_Task prompt_. The data below holds the lines to copy: everything from the line containing "La neige arrive enfin..." to the line containing "Bandai G Gundam", both ends included, set down exactly.

_Recorded data_.
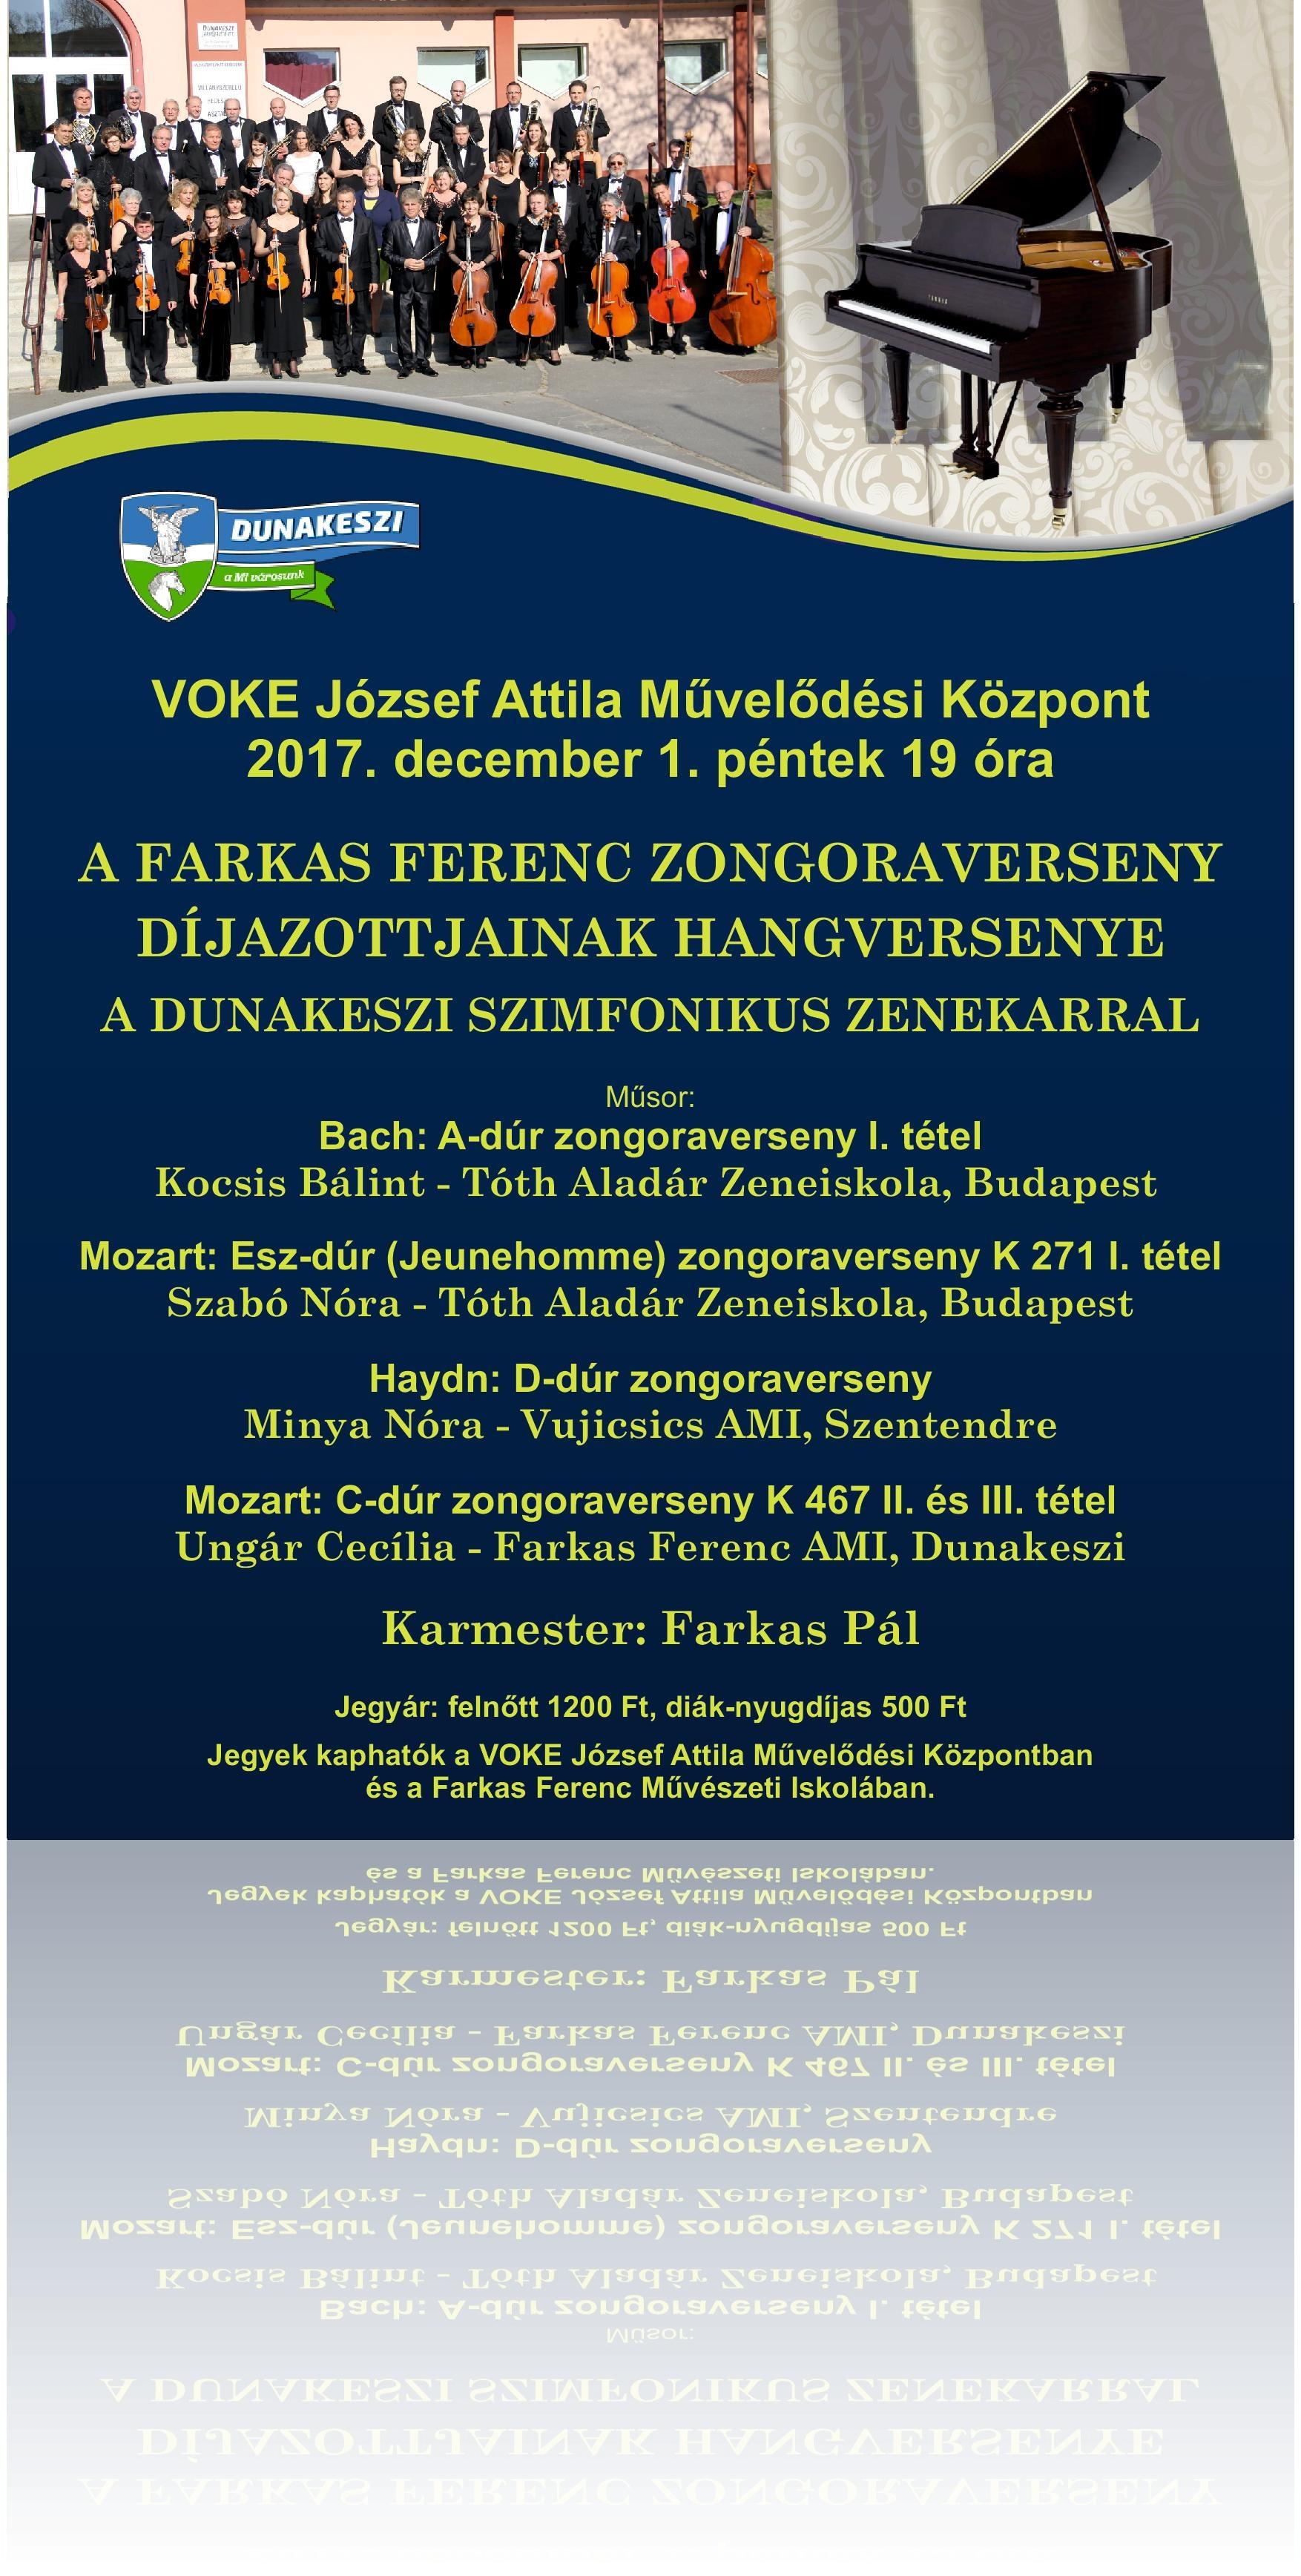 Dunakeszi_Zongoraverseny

* * *

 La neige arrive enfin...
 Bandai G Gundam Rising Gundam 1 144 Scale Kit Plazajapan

...

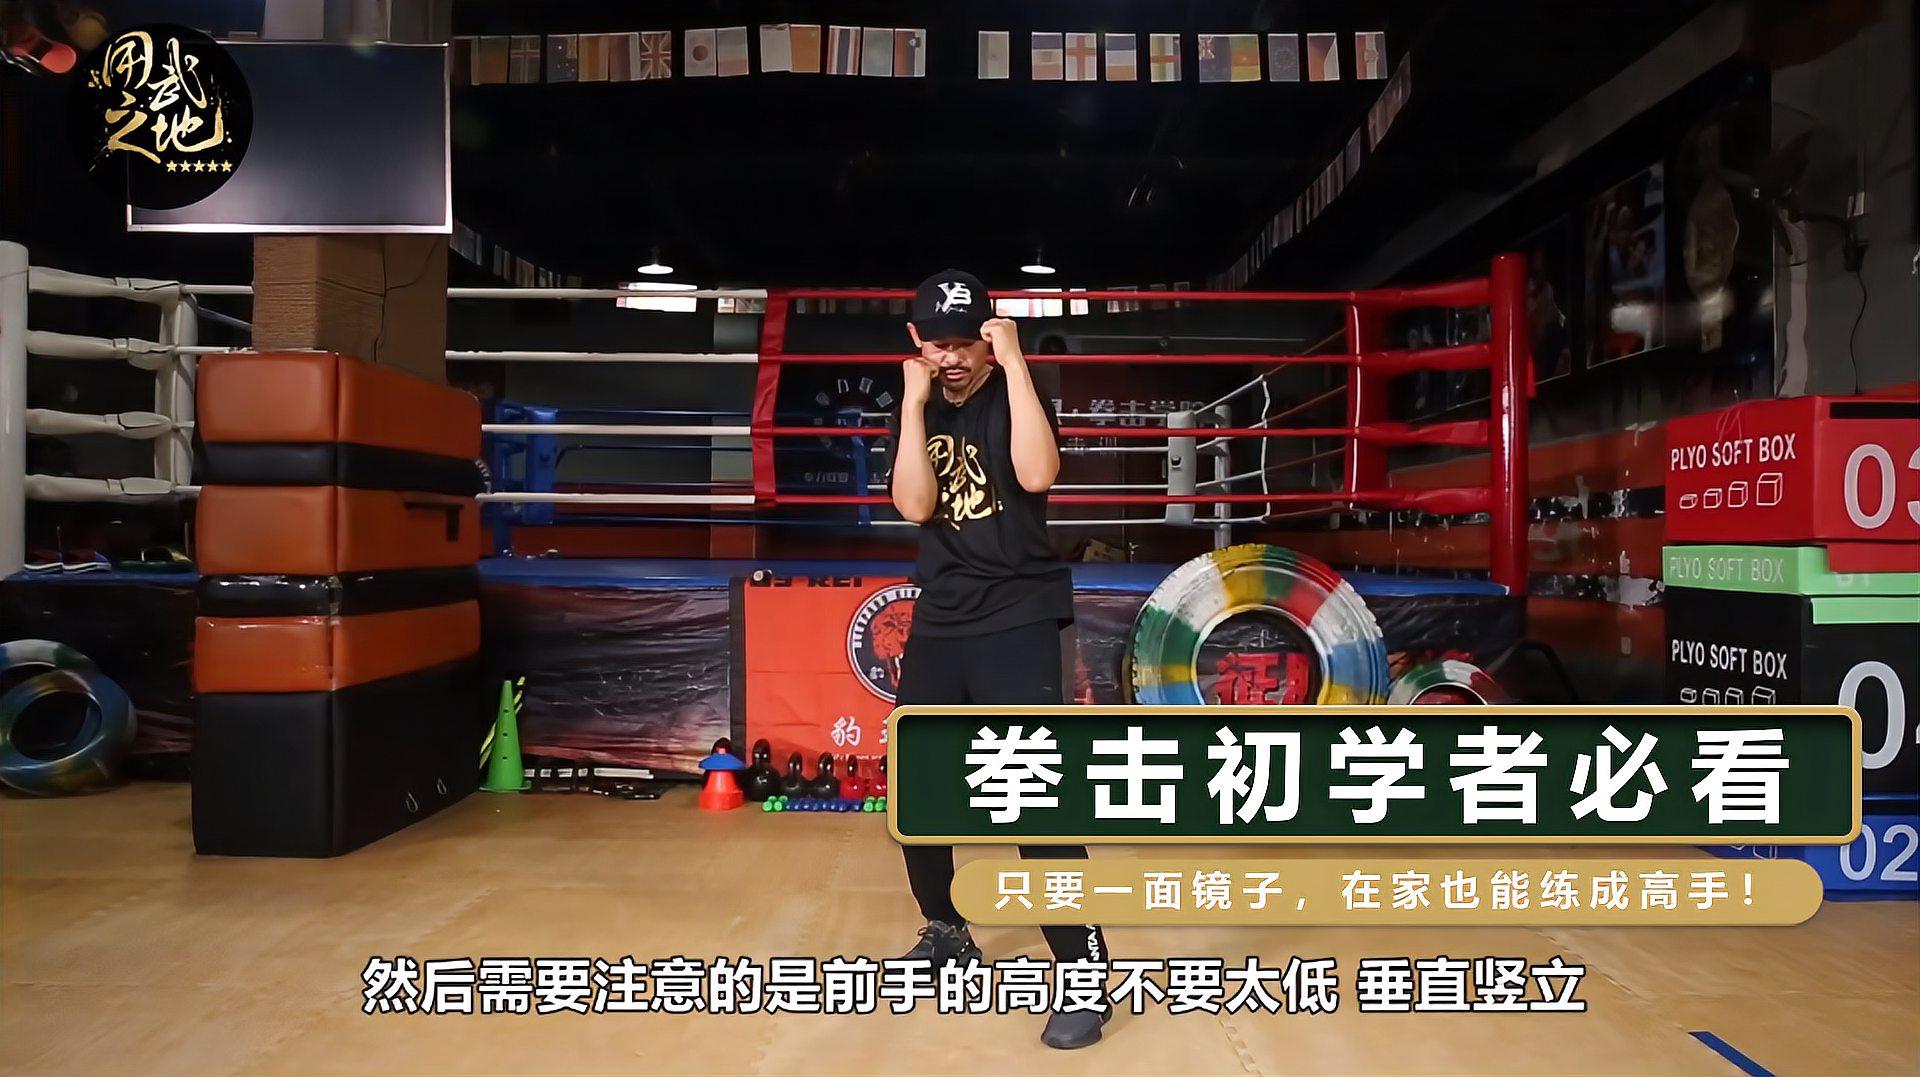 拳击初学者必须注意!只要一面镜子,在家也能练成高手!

_Result of the exercise_.
 La neige arrive enfin...
 Bandai G Gundam Rising Gundam 1 144 Scale Kit Plazajapan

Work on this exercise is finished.